We are excited. After a long period of time we are about to release an update to our access control system. With grant raised from Tubitak we have integrated a plan recognition algorithm to our access control system which helps us to infer users intentions and alert operators in suspicious cases.
When we have started thinking about this project we were just thinking, our access control systems collect tones of information from the field, we know how users behave which should allow us to perceive their usage patterns. We also assumed any covered threat from inside would use the access control but would leave traces behind that should not match with the daily usage. May it be a stolen card or a malicious user they would have been doing stuff which may be different then their regular behavior. This assumption made us think that in case we know users’ very own patterns we may notice action that won’t fit into these patterns.
Recognition of behavior that won’t fit to usage patterns, or so called out-of-pattern behavior is used in numerous cases like credit card fraud. Your bank get suspicious if you start using your card in a city you don’t live and usually visit, shop in store you normally don’t, or may just more often then you normally won’t. Any action that won’t fit to your pattern may hint to your bank that there may be something suspicious. In that case they mostly send you a short message asking if it’s you – if it’s not you that’s bad.

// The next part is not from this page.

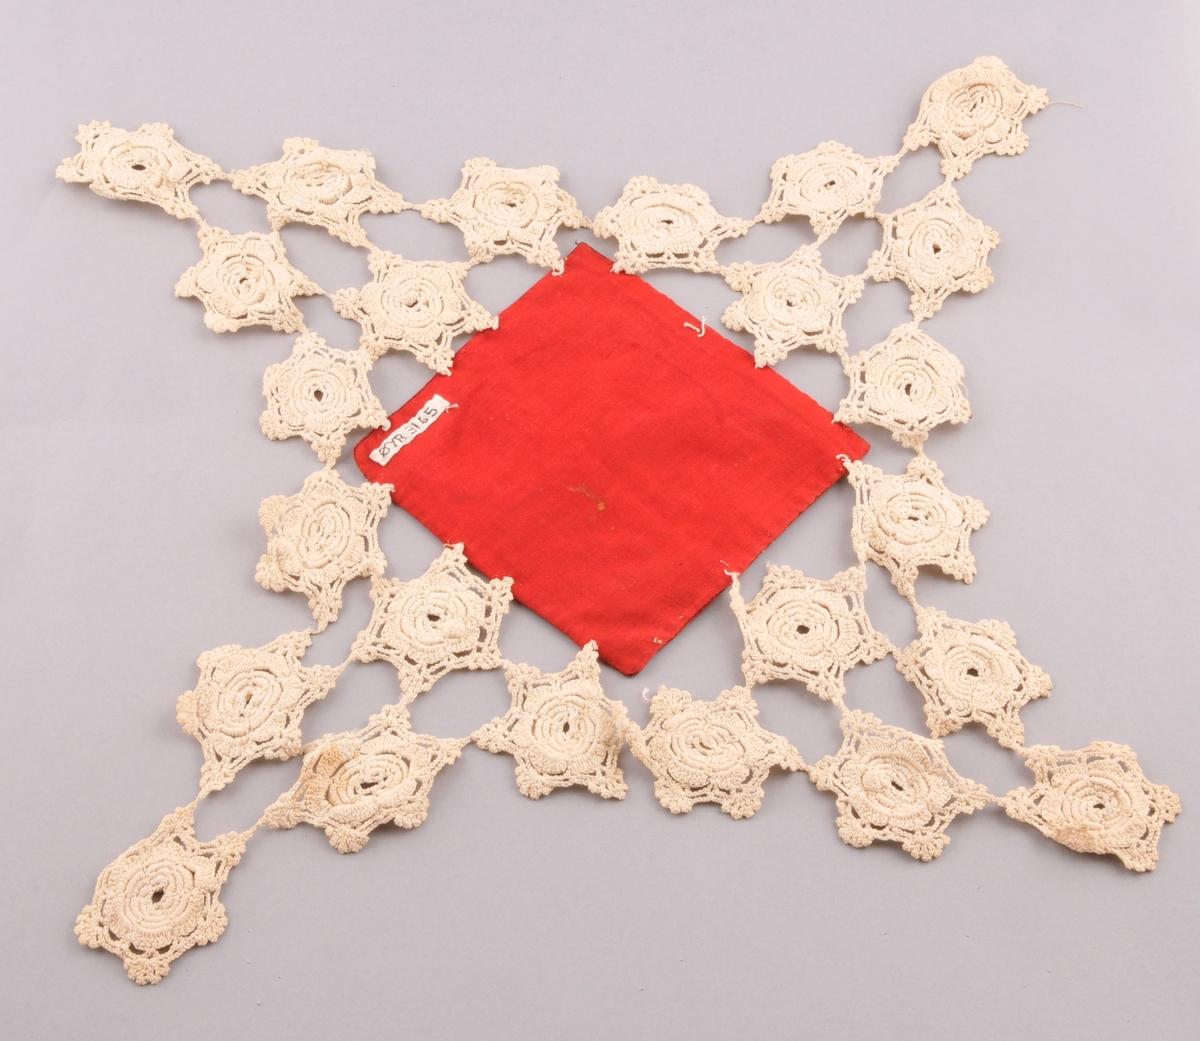 Kvadratisk tekstil sett saman av ein lapp av fløyel, med bakstykke av kypervove raudt stoff, og ei hekla blonde rundt kanten.

Unfortunately this won’t work for access control scenarios. First, any action that may normally be expected and even part of your daily habits may be out of pattern because it’s not just the action itself that matters but also it’s order. So relationship between actions which does not matter for credit card fraud detection matters for access control.
Furthermore it doesn’t make sense to alert the user themselves for these suspicious events we must alert the operators. But image how many times daily you go out of your path for a short visit somewhere else then your original target, or you just break your daily routine to stop by a friend’s office to say hi. Now we think everything that doesn’t fit to your pattern is suspicious just like your bank who sends a short message every time an unusual charge has been made to your credit card. I recently received a message for zero Euros charged (booking site checking credit card for online reservation). Now imagine that’s not the credit card holder but an operator who’s in charge of all credit card holders – ok, we would need a lot of operators. So this system needs to separate serious doubt from minor anomalies before raising the flag.
Eventually, detecting suspicious behavior in access control is more then anomali detection. We need to know every users’ own patterns, observe their current actions, evaluate these action in relation to one previous action to infer their plans, then decide if these actions are in or out of patterns. Then we need to put these suspicious actions in an order by threat level so we can alert operators.
In fact, this is what our new smart access control system does. Small hint; we did it using plan recognition, with a probabilistic algorithm that employs a utility function and a Markov Model for library generation. Details to come.